» **AIM OF THE TASK**
Return all of the data exactly, with nothing left out but the pictures.

» **PROVIDED DATA**
--- START ---
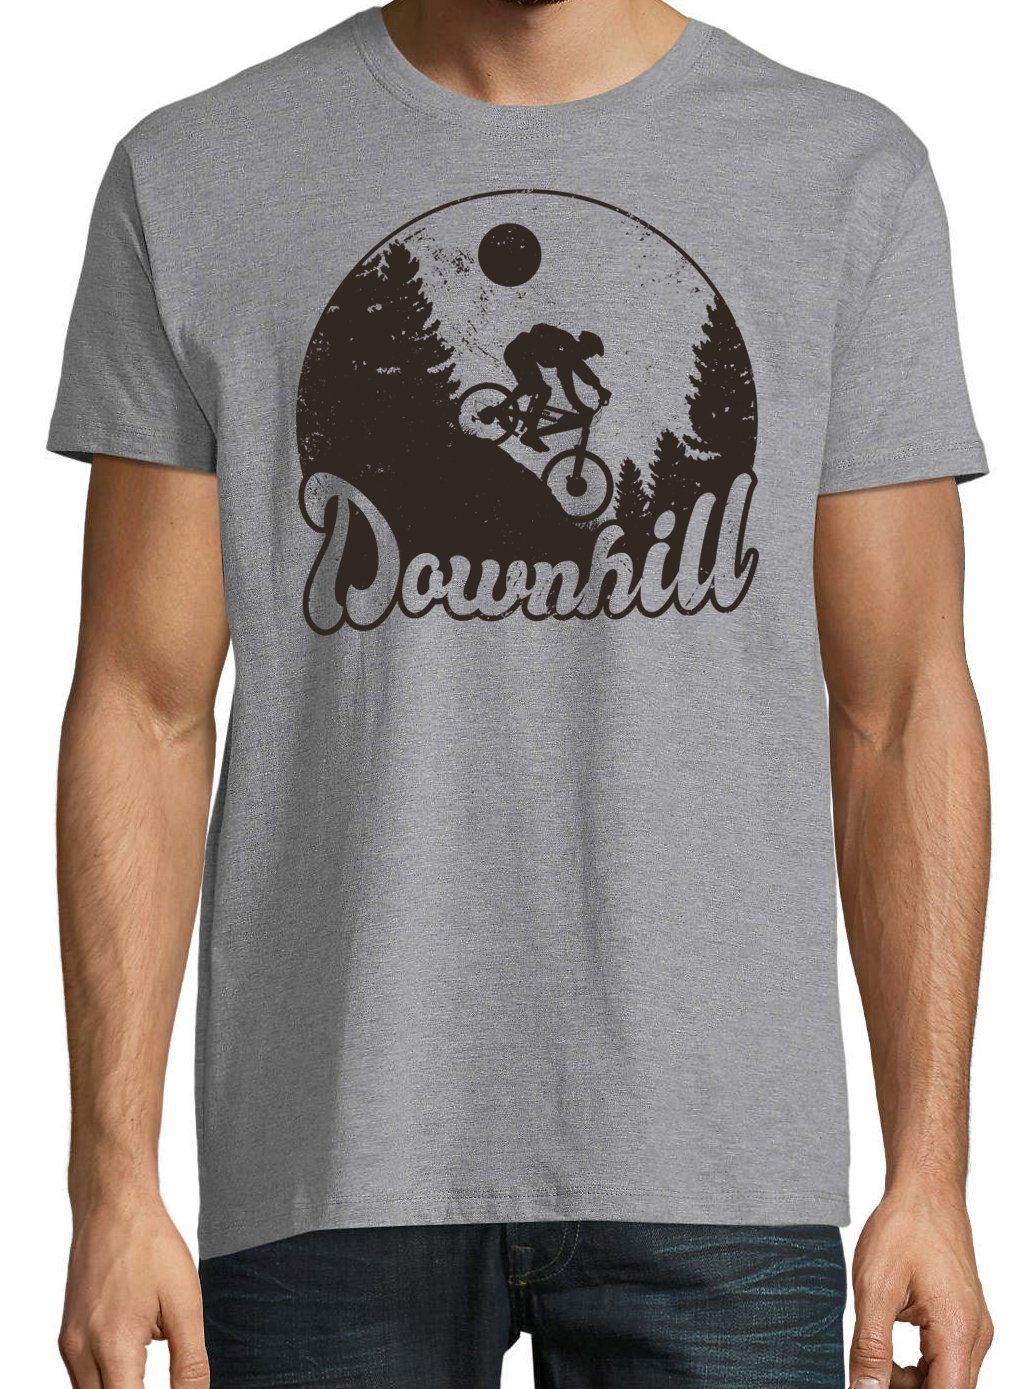 Downhill trendigem Shirt Bike Grau mit Frontprint Youth Herren T-Shirt Designz
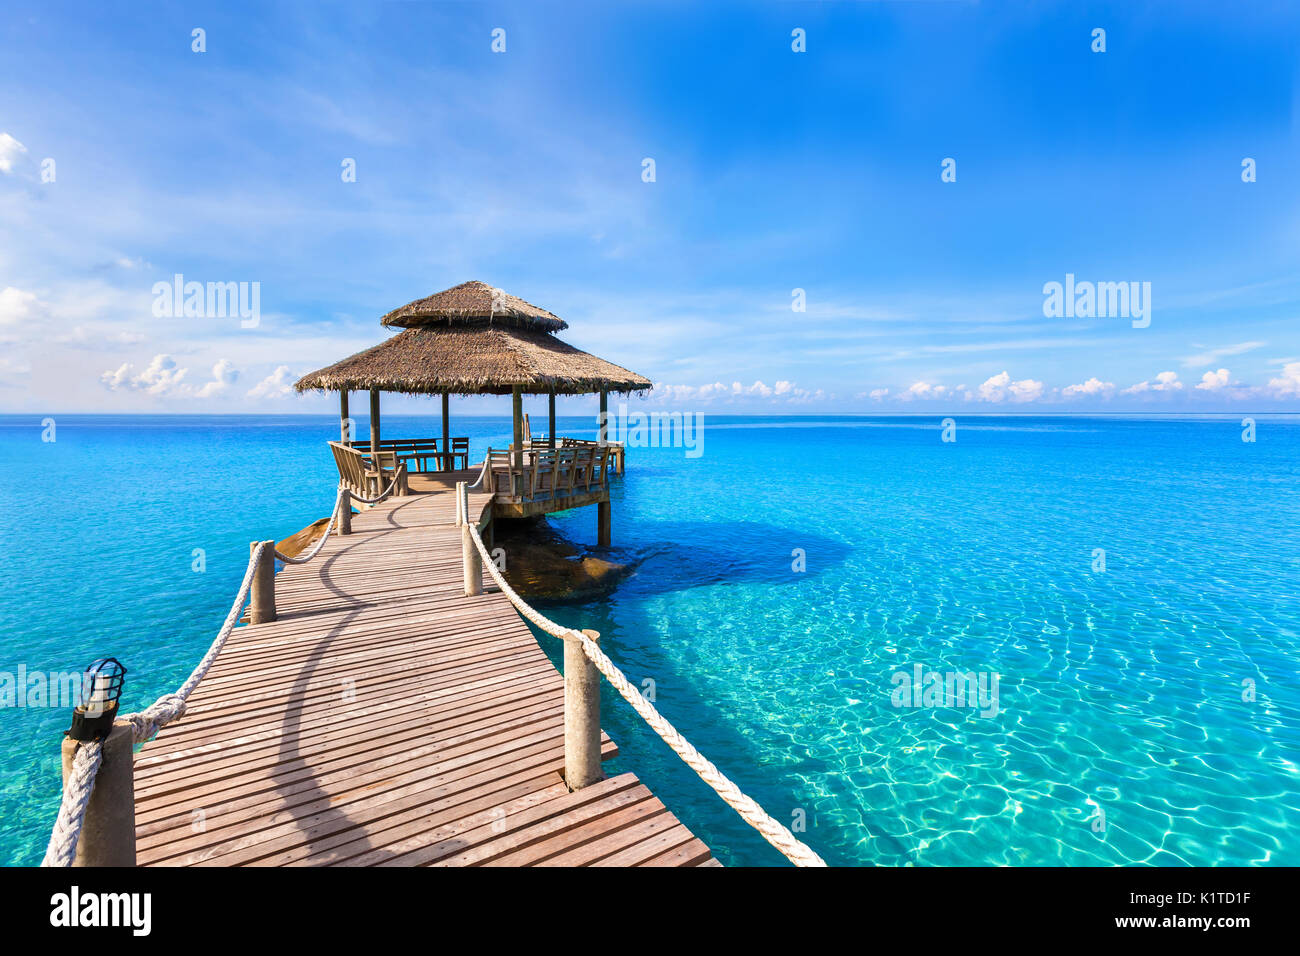 Hermoso paisaje de playa, verano tropical lujoso hotel muelle de madera con agua de mar turquesa transparente Foto de stock
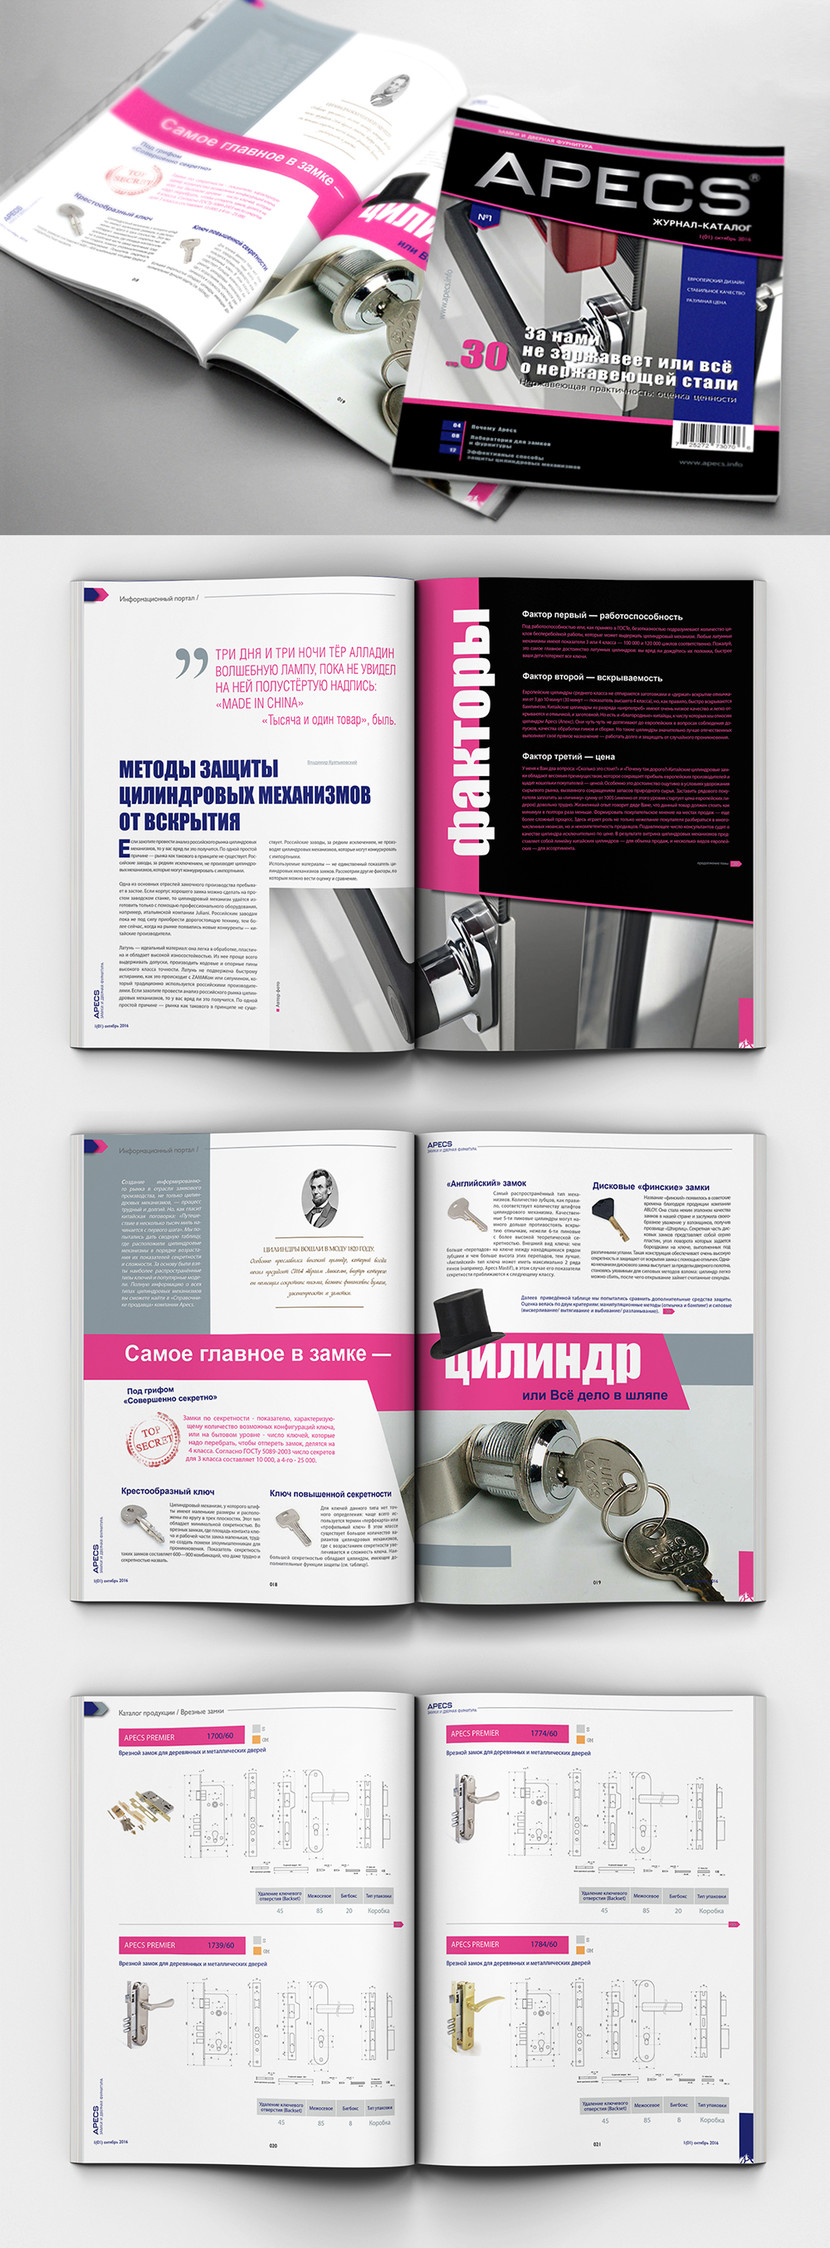 Дизайн журнала-каталога Apecs
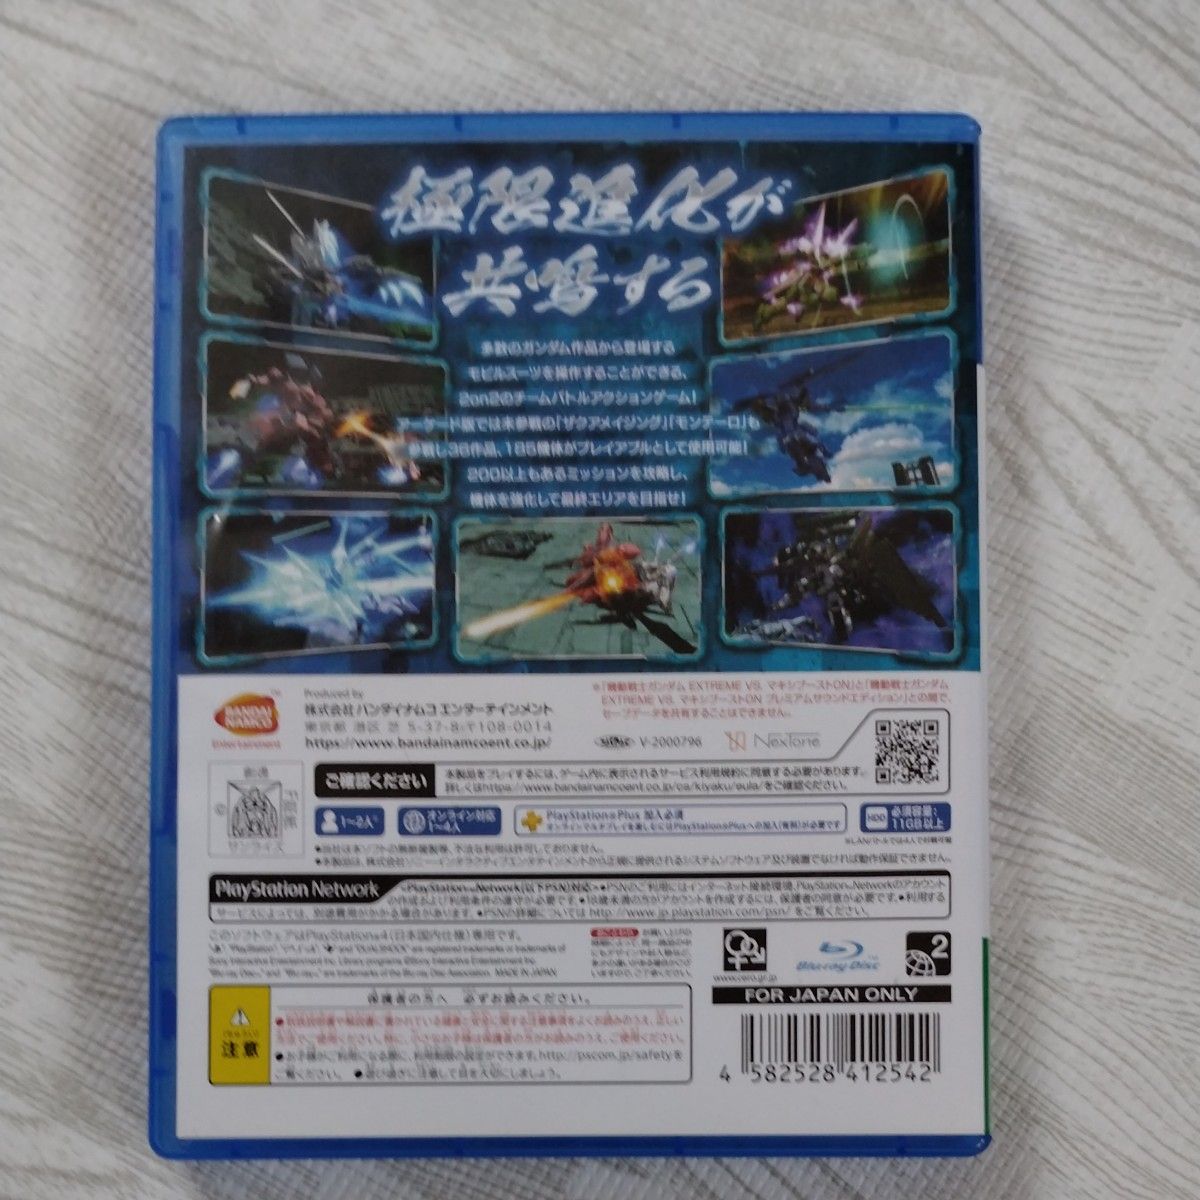 【PS4】 機動戦士ガンダム EXTREME VS. マキシブーストON [通常版]
--- END ---
» **THE COMPLETED TASK**
 Downhill trendigem Shirt Bike Grau mit Frontprint Youth Herren T-Shirt Designz
 Hermoso paisaje de playa, verano tropical lujoso hotel muelle de madera con agua de mar turquesa transparente Foto de stock
 Дизайн журнала-каталога Apecs
 【PS4】 機動戦士ガンダム EXTREME VS. マキシブーストON [通常版]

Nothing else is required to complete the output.